I’ve been getting a secondary wave of realisation that my life has really, really changed – and the extent to which this is so. It has brought a sense of loss, but something else has been coming up in its place. I’ve made a decision. I’m taking life in my hands, and I’m going to take on a self-management strategy rather than have a stem cell transplant – the default treatment that seems to work for many people, mainly younger than me.

In my own case, a strong intuition tells me a transplant will either not work or it will bring no advantage. After such a transplant – where they take stem cells from your bone marrow, clean them and pump them back in – it also involves 3-6 months of dependency on relatively intensive care to get over it. In many cases it gives some years of remission. In my case I don’t get the feeling I shall have that payoff. Some people just get six months, and some people die from the procedure. Besides, I can’t realistically manage up to six months of dependency on care – I want to get on with life to the extent that I can.
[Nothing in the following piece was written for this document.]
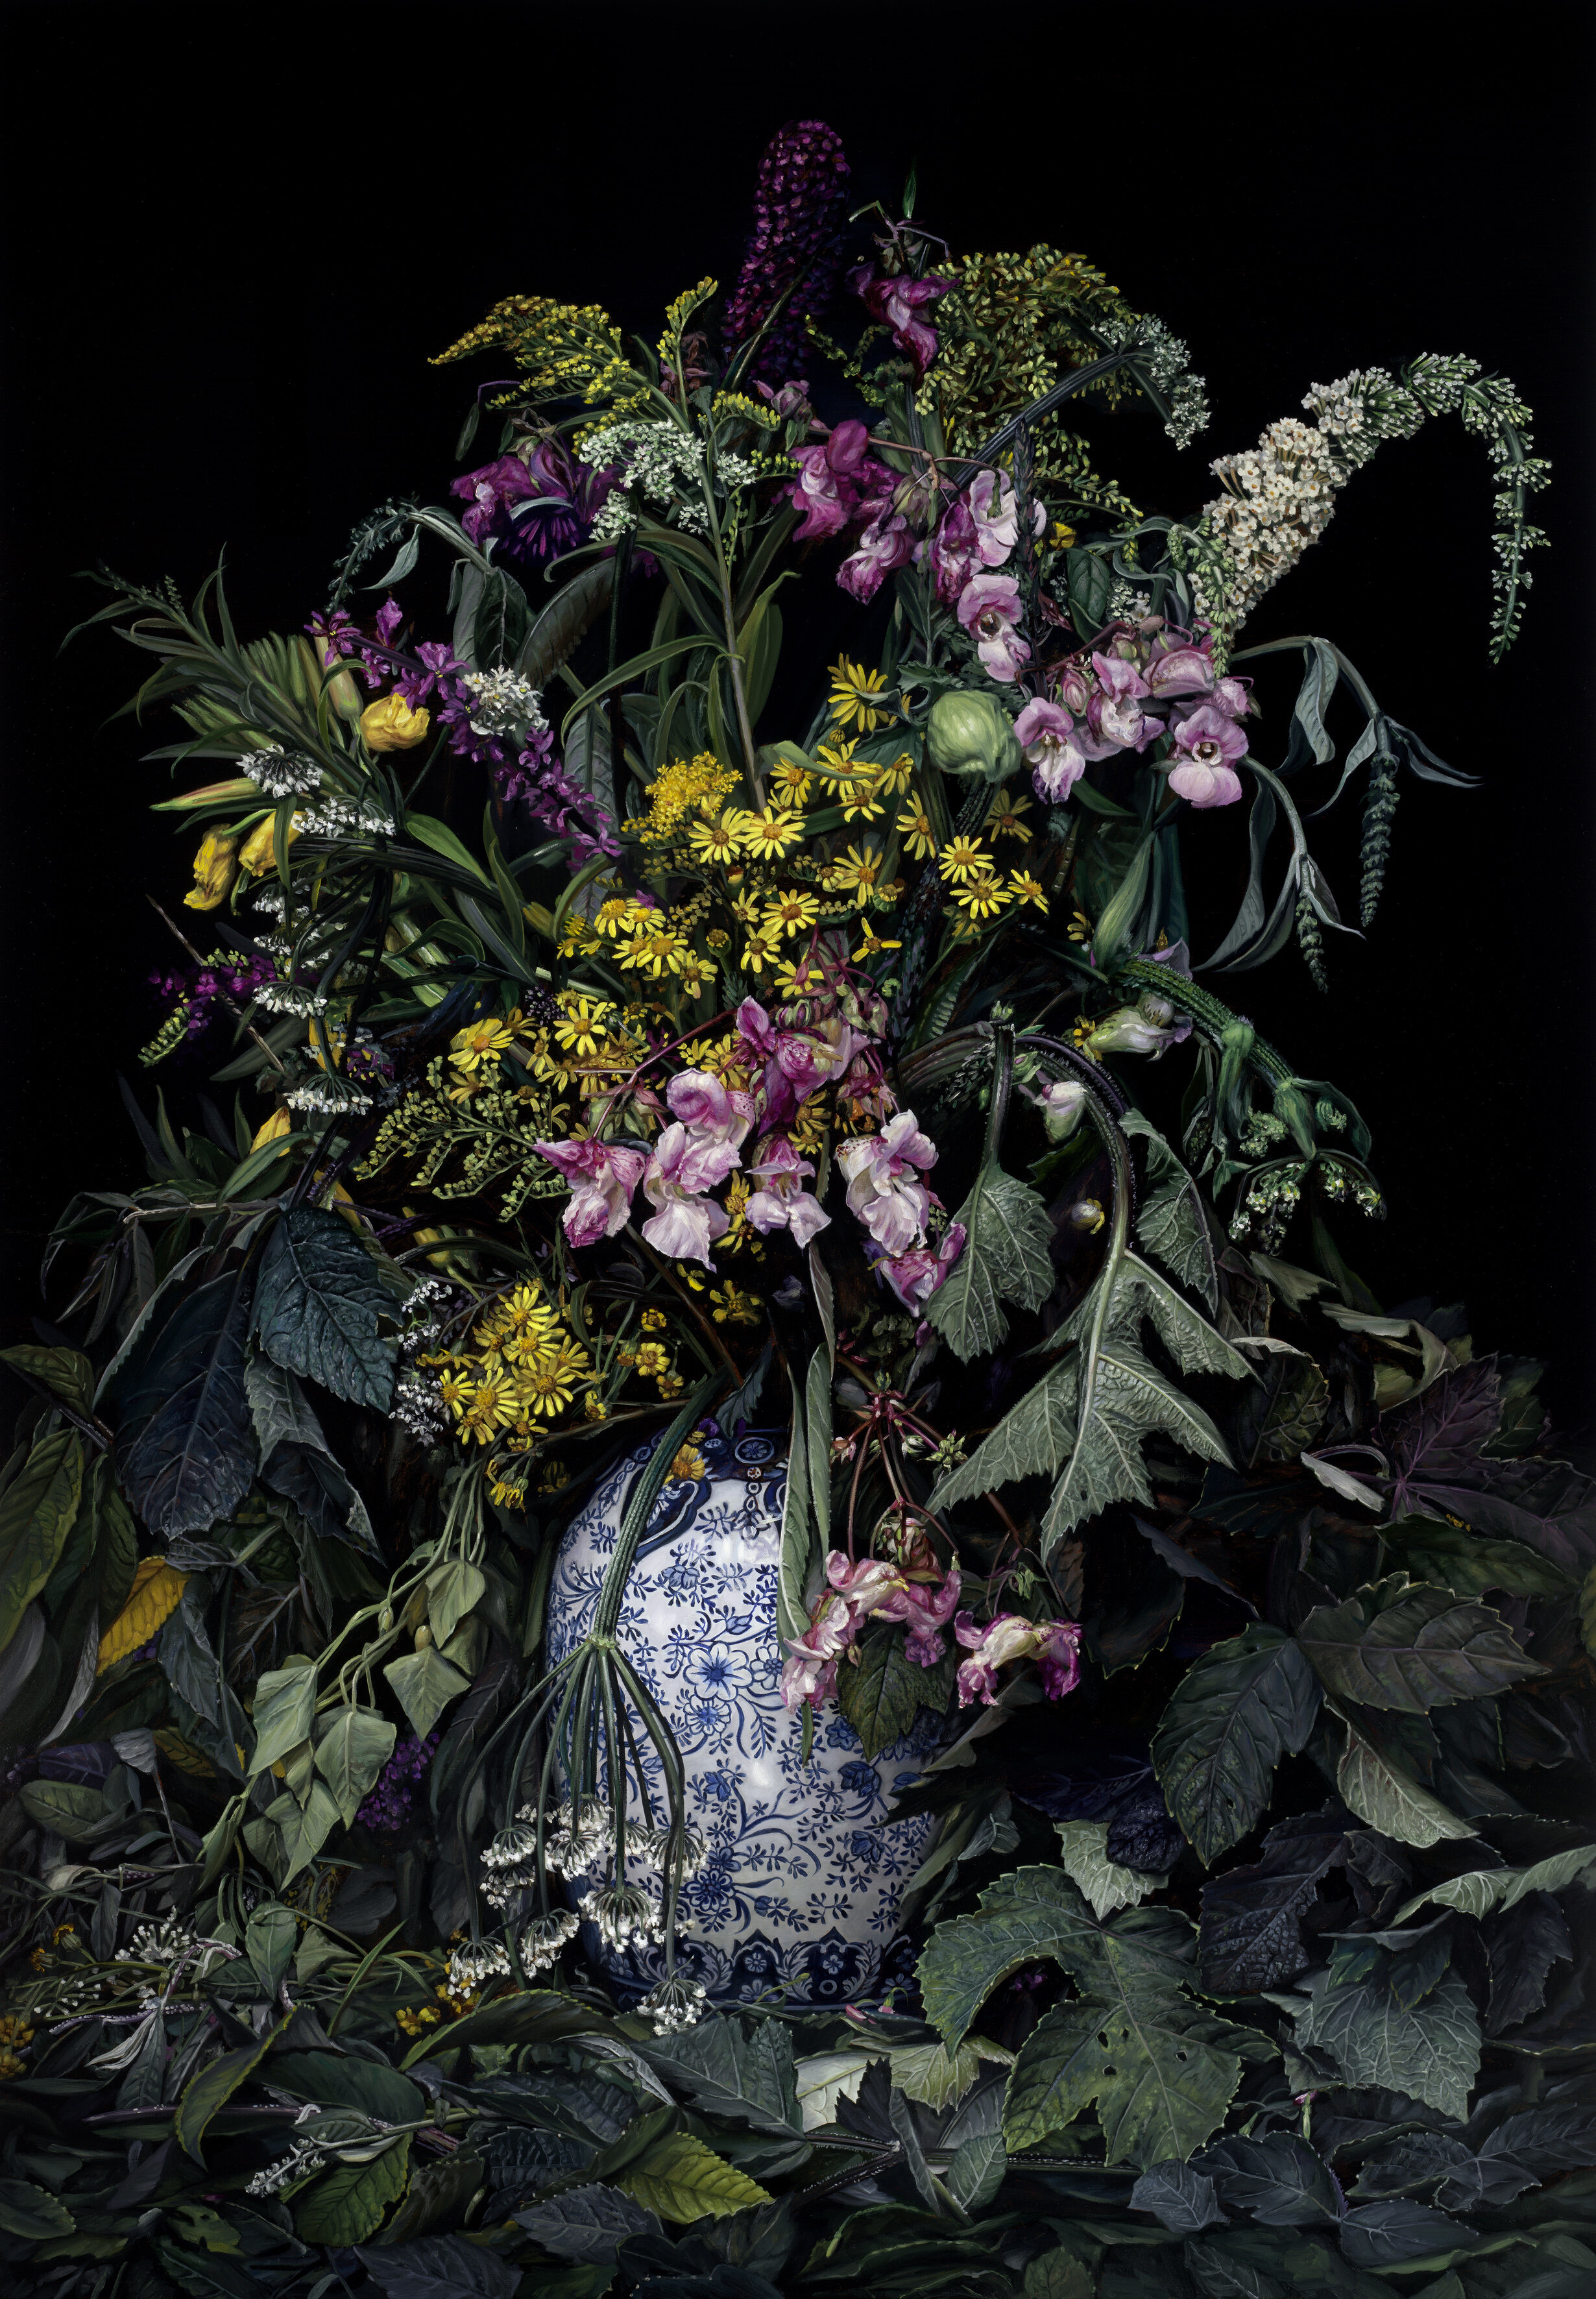 Cindy Wright, Invasive Bouquet, 2020

So I’m choosing another route, an integrative medical route that is partially medical and partially holistic. This has its risks, but so does anything, and it seems to me I can do at least just as well with it as with a transplant. It will be a challenge to monitor and look after myself, drawing healing through my soul, and to be willing to go back on chemo and steroids if necessary.

Few people take this choice voluntarily. Most people take a self-management route only if their condition prevents them from having the transplant.
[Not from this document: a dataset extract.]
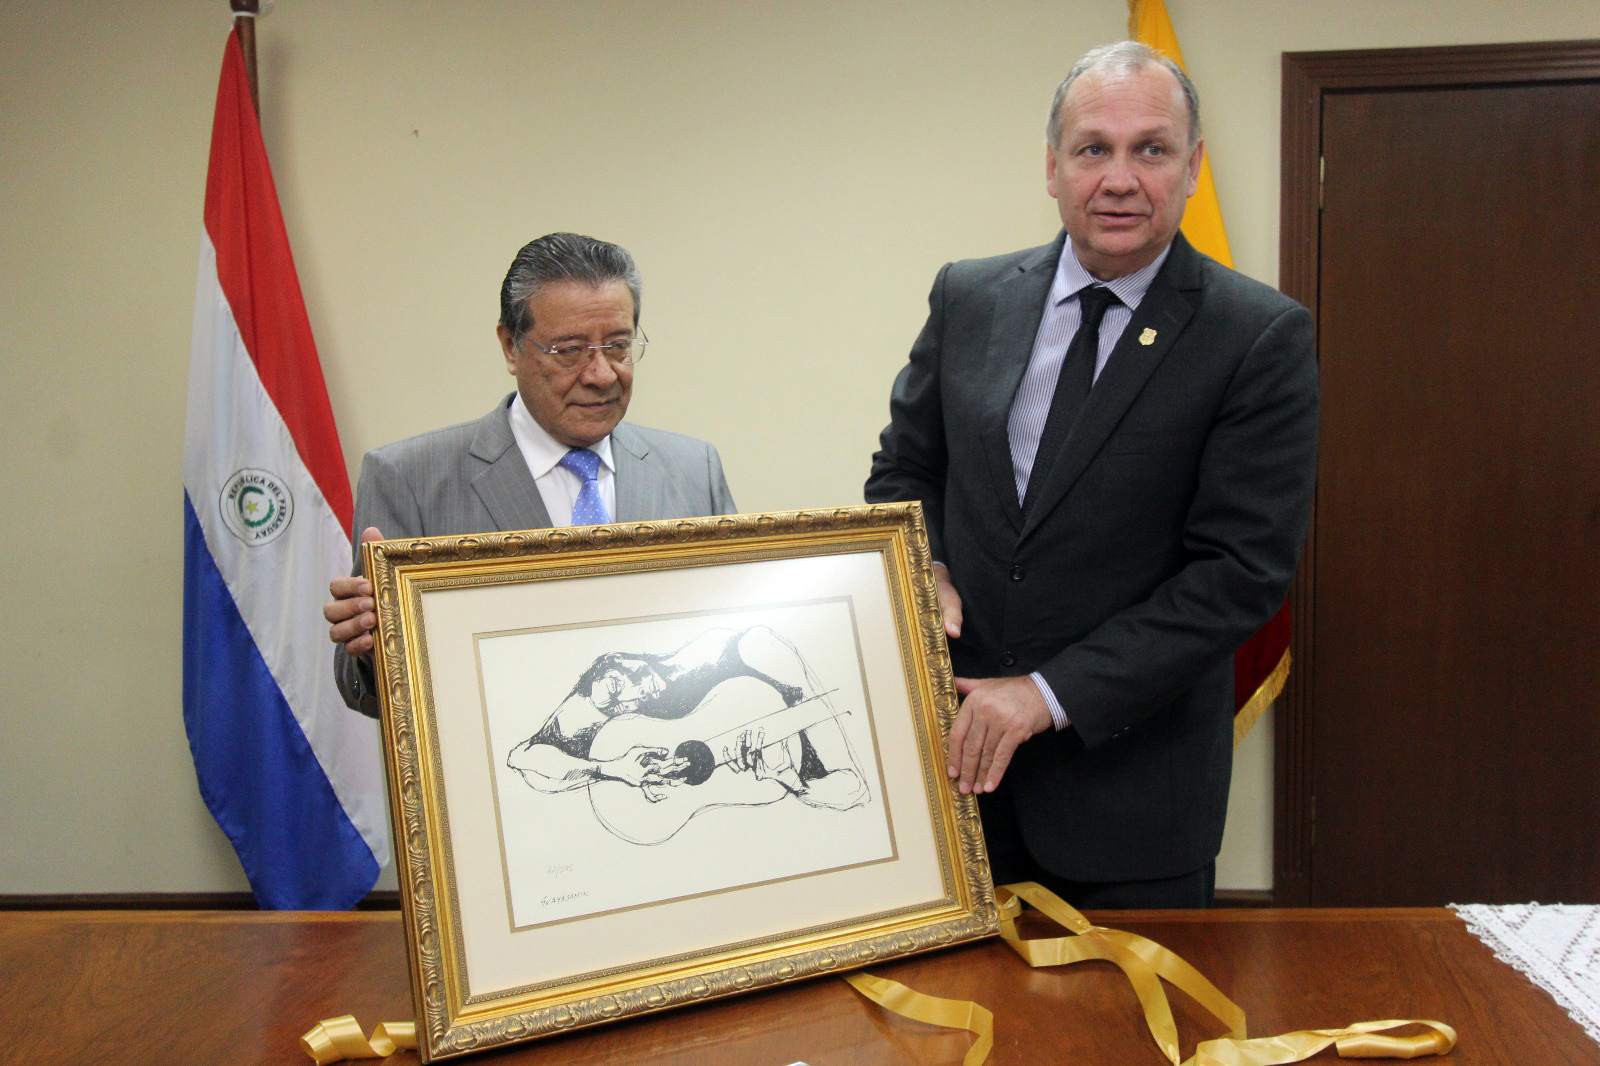 Embajador Ecuatoriano obsequió serigrafía de Osvaldo Guayasamil al Intendente

I have between one and ten years to live, I guess. I want to die well, whenever and however that happens. I’ll stay around until my useful life is done – and then I shall go in grace, inshallah, if life permits this! Since shit also happens. But I think my chances of doing this are greater if I take life in my hands, and it will be my own choice and responsibility.

I shall not be returning to where I was before. For both Lynne and I, my contracting bone marrow cancer was not part of our plan, but it has happened anyway. Facts have overruled everything else. To some extent this is harder on Lynne than on me – it’s really hard being a voluntary carer and there is little support for them.

But I now have a new life: it brings new possibilities amongst the constraints I’m served with. Not least the threat of death, of accepting the Great Unknown like I’ve ever accepted it before. But that opens up possibilities. The edginess of mortality sharpens life’s issues, making every moment a bit more poignant.

Life is a preparation for the moment of our passing.

This said, I’m becoming a bit more capable every few weeks. It’s a long, slow process. My back still cannot support me for more than a minute – enough time to get an item of clothing over my head before I need to hold myself up again! It’s amazing how an experience like this renders small issues, such as going to the toilet, into a big event. It has made me feel grateful for small things – a biscuit, a walk on the moors, a close time with Lynne, a phone chat with my son or hearing about what’s happening with my faraway daughters and their families.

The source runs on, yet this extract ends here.